We currently have several business improvement initiatives under way with project management support. These projects cover winning new business, carer retention, bid implementation, and branch operations. There are also other projects supporting service delivery. We believe that being a high quality service provider is a key driver to increased revenue and profit growth.

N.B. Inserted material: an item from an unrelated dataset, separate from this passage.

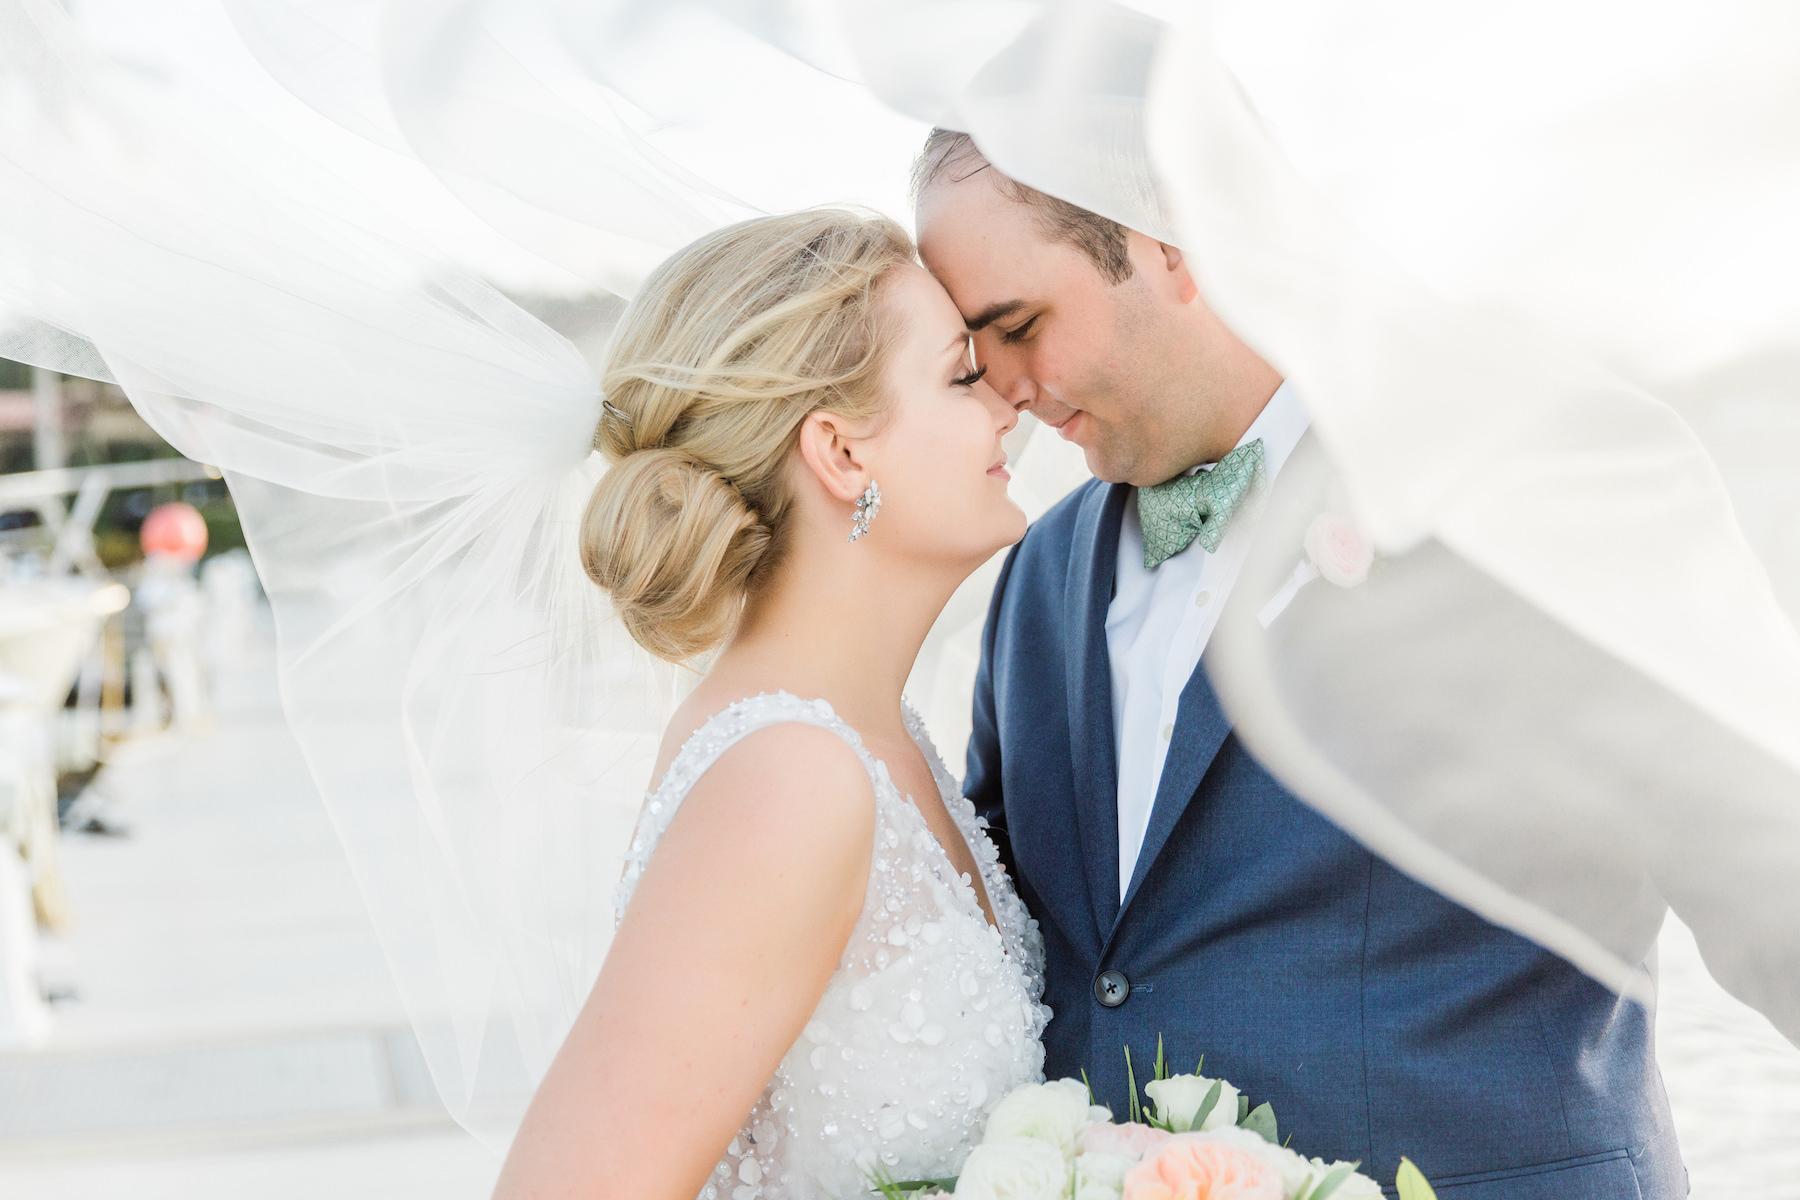 Destination Florida Bride and Groom Wedding Portrait with Flying Veil

The third quarter also concluded the successful pilot phase of our Coldharbour IT replacement. We now have thirteen branches successfully running on Coldharbour. The cost of the project is within the original budget and time projections with a total capital expenditure of $2.4 million and operating expense of $4.5 million. To date, expenditures have been $2.7 million split between $2.2 million capital and $0.5 million operating expense. The project will allow us to make further efficiencies in the way we process transactions and will also improve service delivery.

Mr. Young concluded: As noted in our previous quarters press release, with nearly all our operations in the United Kingdom, we believe it is important for investors to see the underlying revenues and gross profits in pound currency as detailed below. This shows growth in our gross margins year to date of 7.4% and our third quarter gross margin of 30.4% is well within our expectations. Our SG&A costs year to date, excluding exchange effects, increased by 1.5%, compared to the prior year despite the increase in revenues that we have generated.